## What is needed
Exclude images; transcribe the rest of the data exactly.

## Collected material
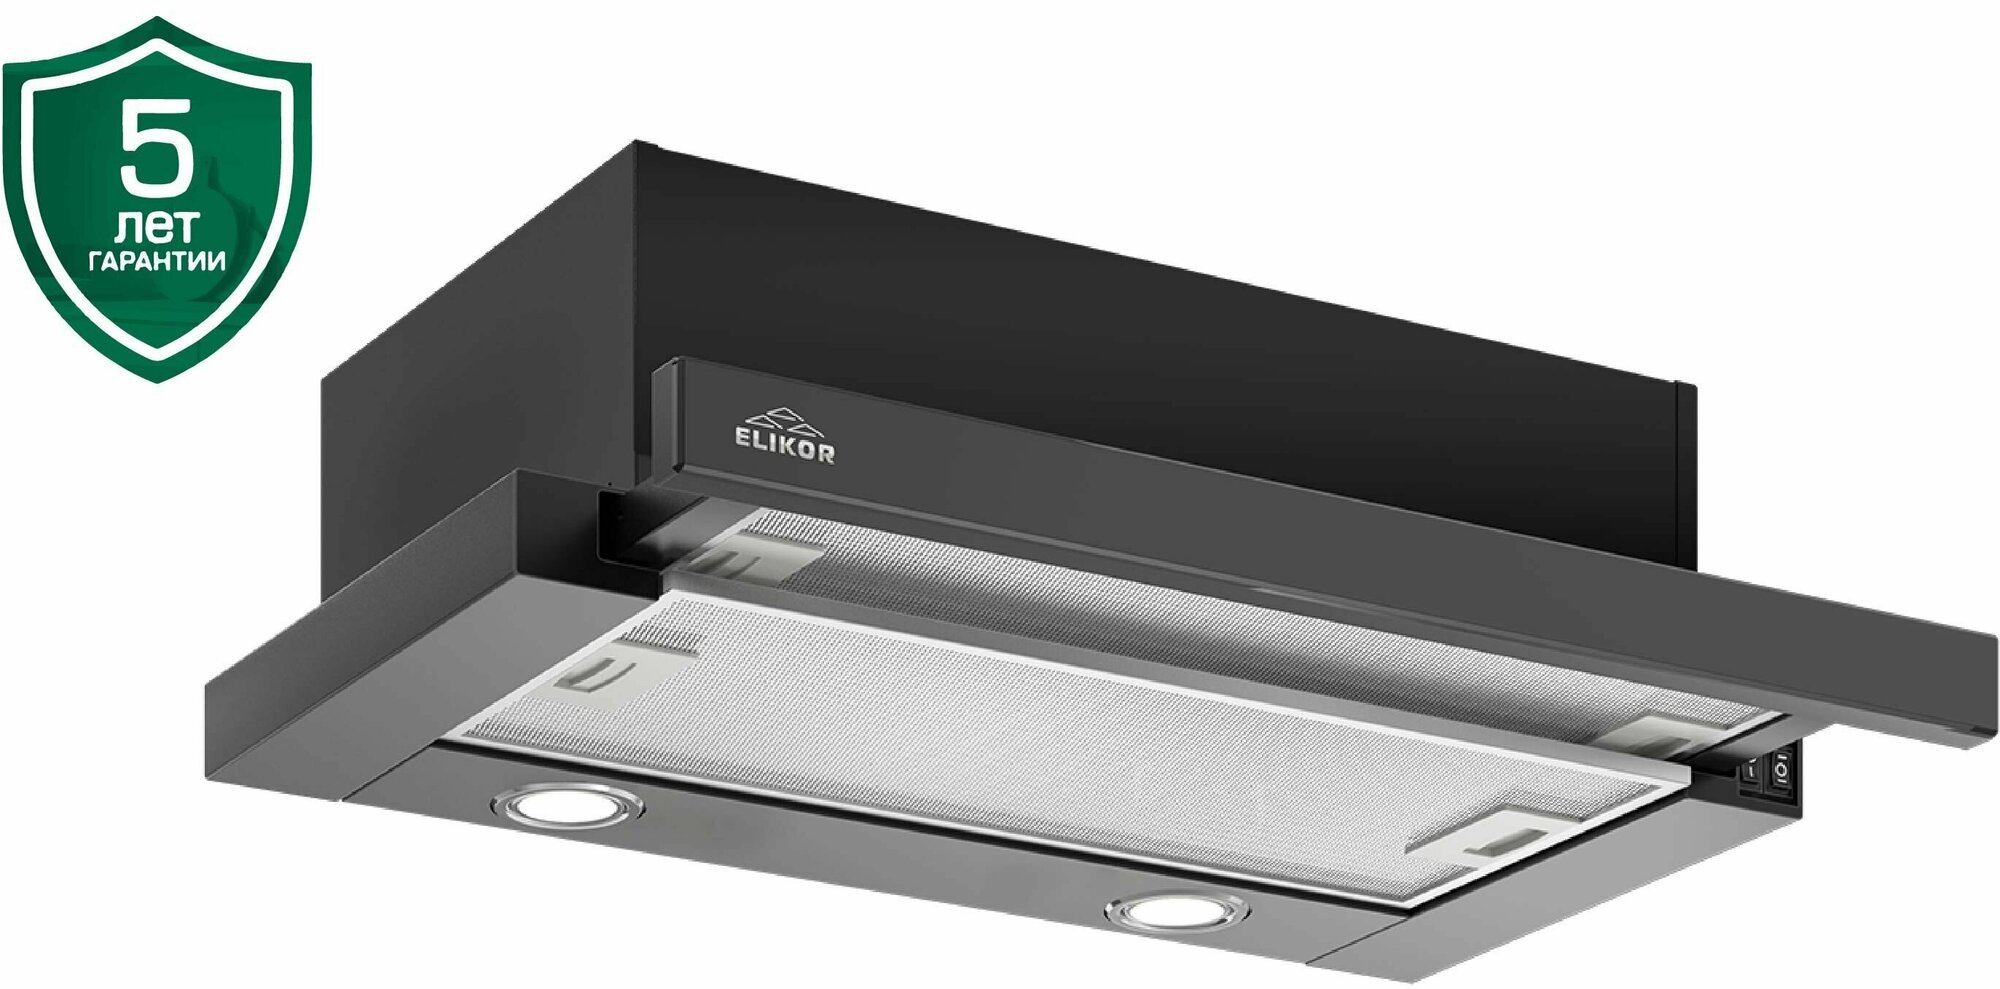 Кухонная вытяжка Elikor: Интегра GLASS 60П-400-В2Л черный/стекло черное.
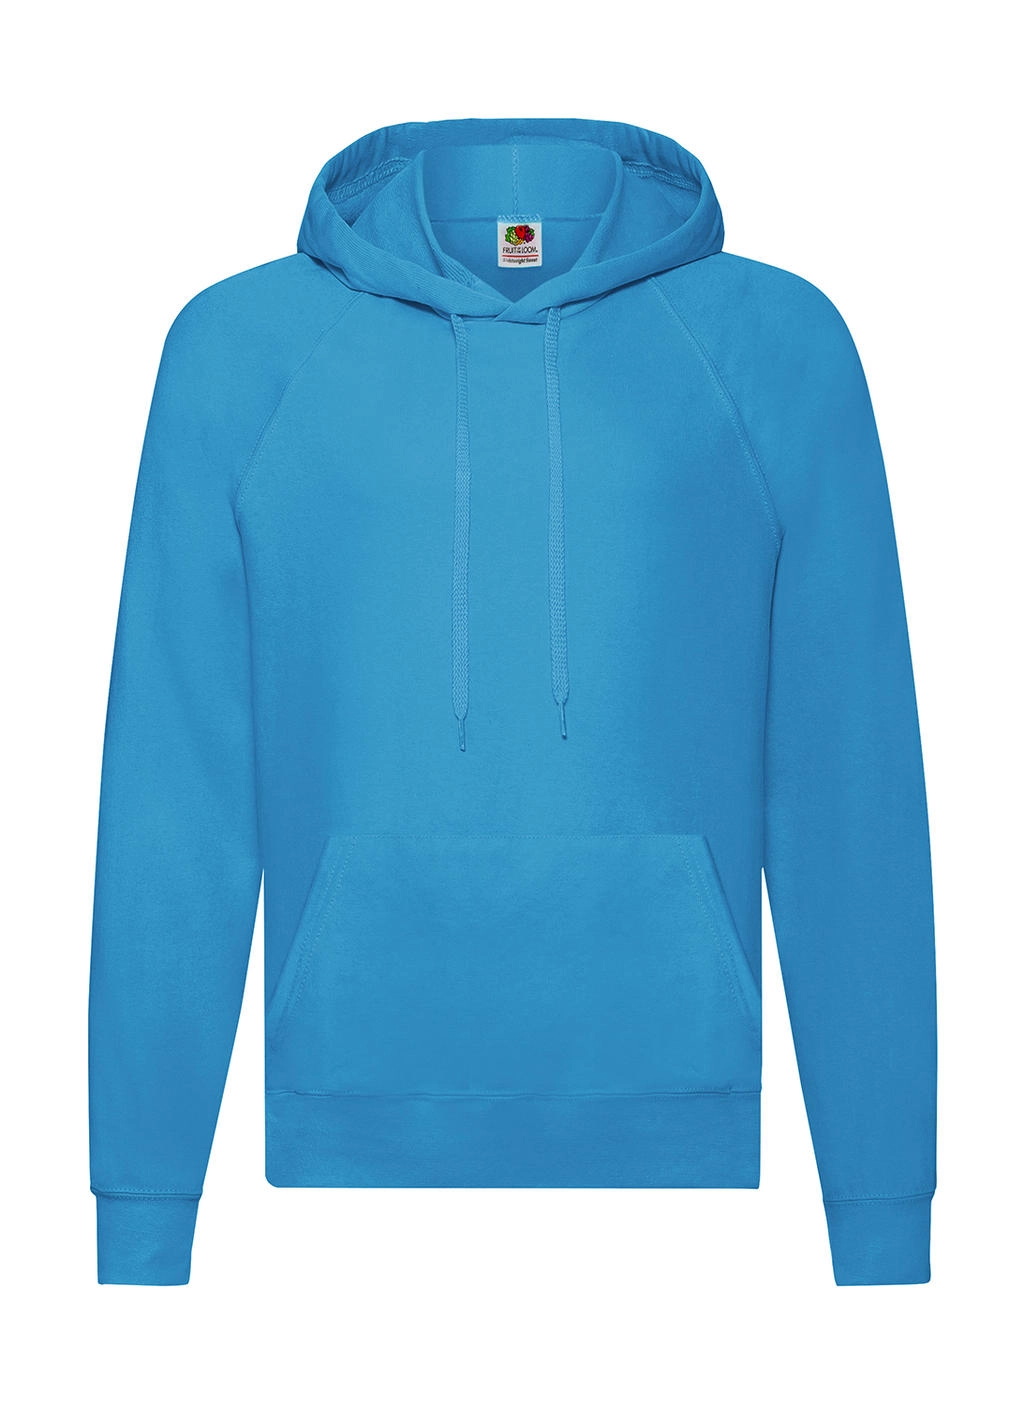 Lightweight Hooded Sweat zum Besticken und Bedrucken in der Farbe Azure Blue mit Ihren Logo, Schriftzug oder Motiv.
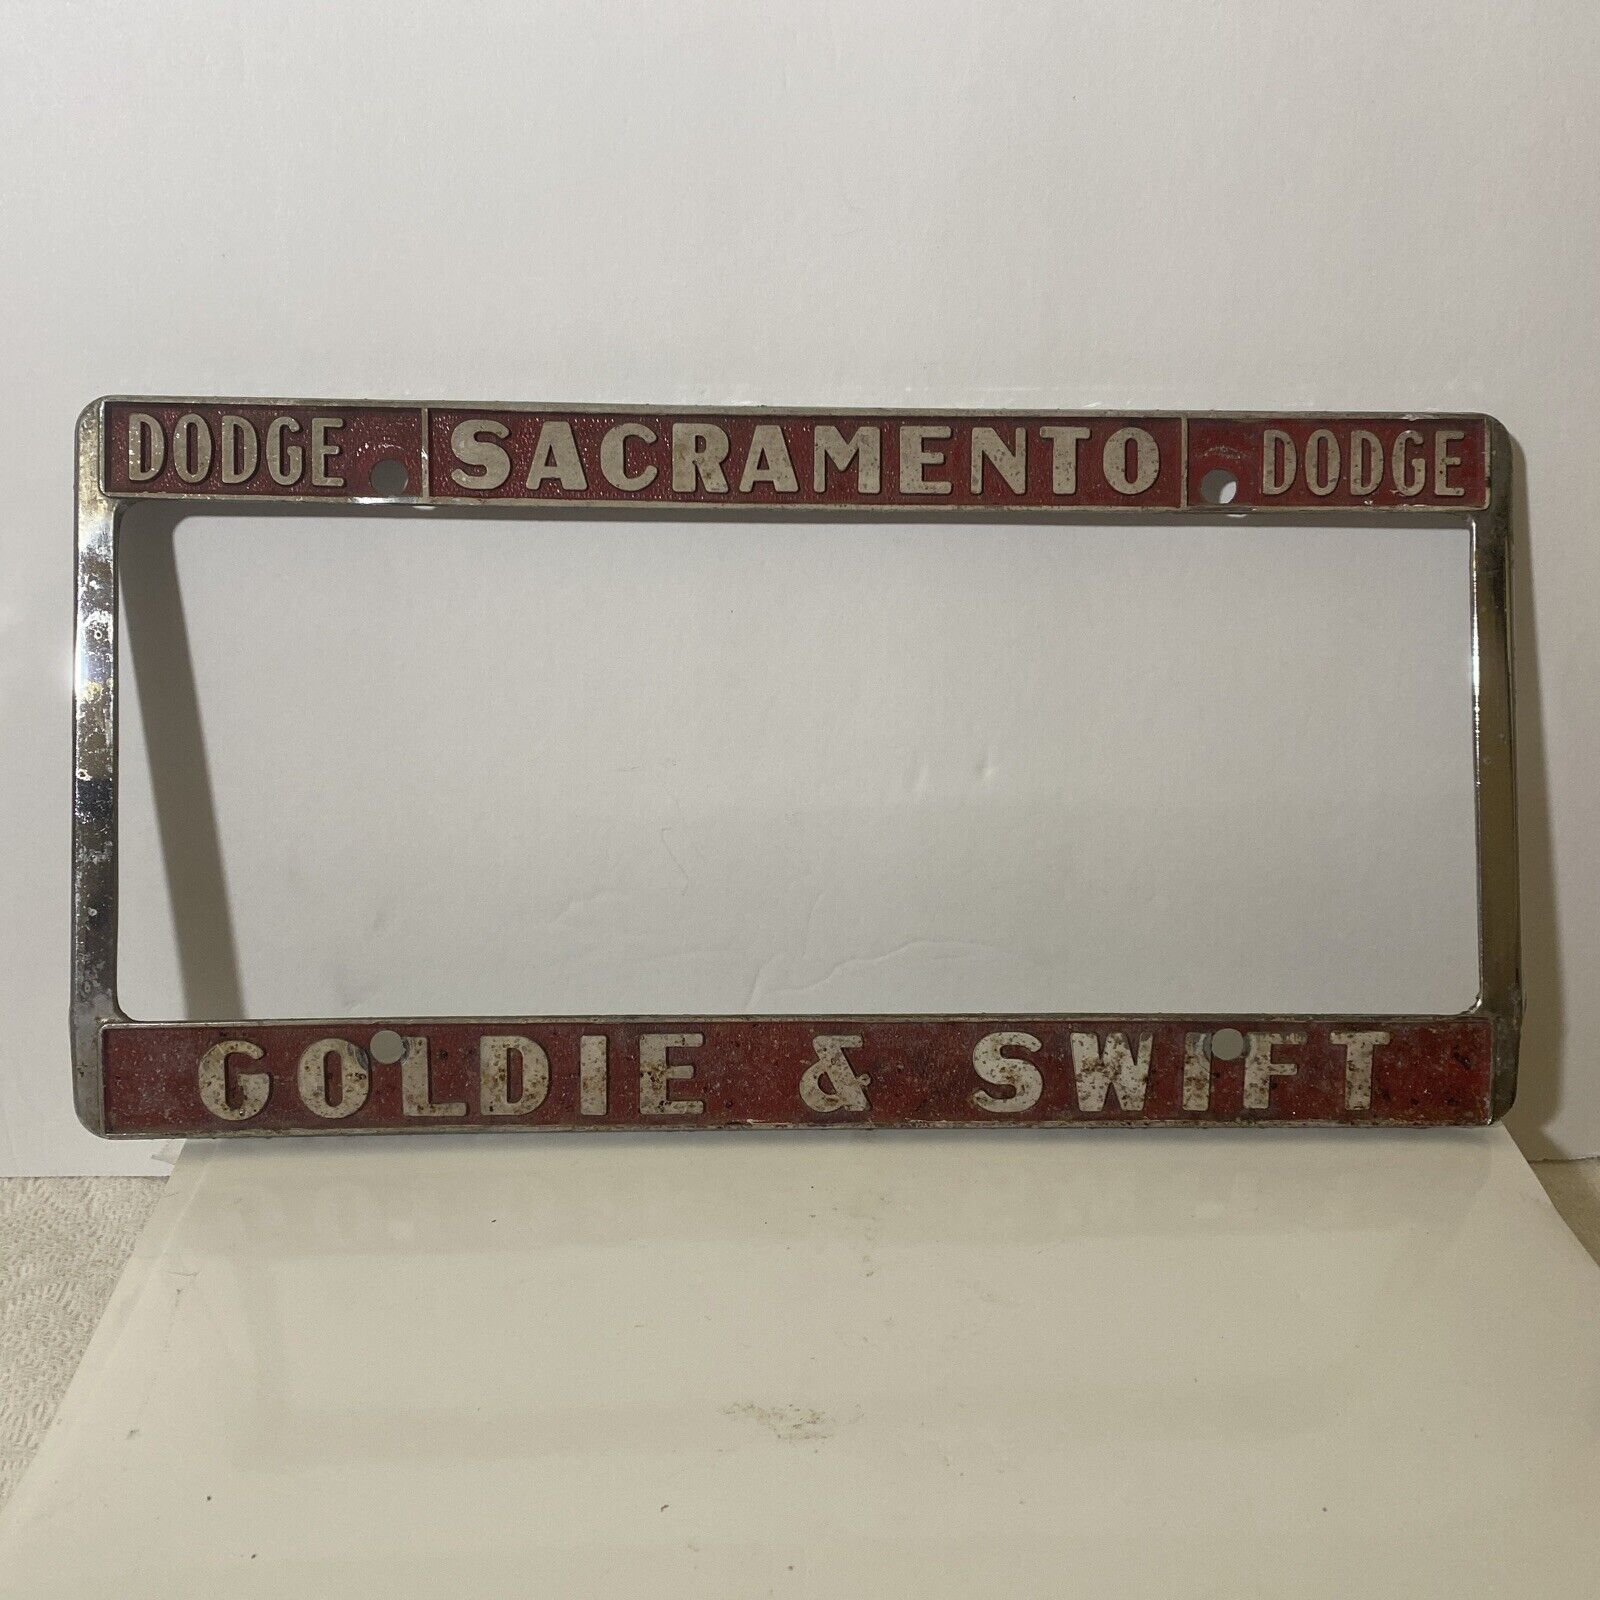 Vintage Sacramento Goldie &Swift Dodge Metal Embossed License Plate Frame
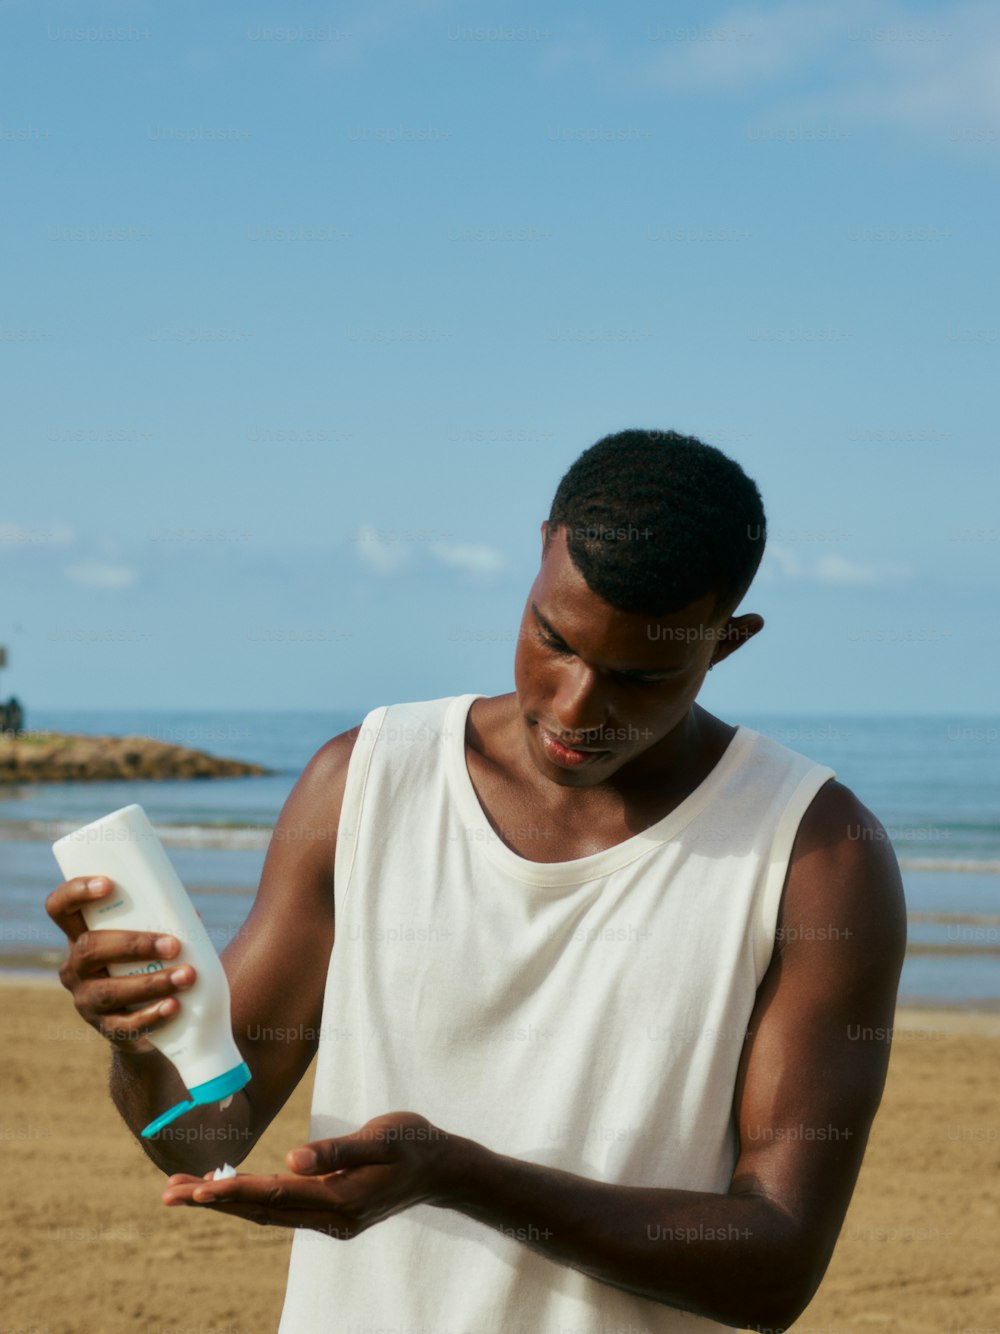 Ein Mann, der an einem Strand steht und eine Flasche hält

## Output below
 Кухонная вытяжка Elikor: Интегра GLASS 60П-400-В2Л черный/стекло черное.
 Lightweight Hooded Sweat zum Besticken und Bedrucken in der Farbe Azure Blue mit Ihren Logo, Schriftzug oder Motiv.
 Vintage Sacramento Goldie &Swift Dodge Metal Embossed License Plate Frame
 Ein Mann, der an einem Strand steht und eine Flasche hält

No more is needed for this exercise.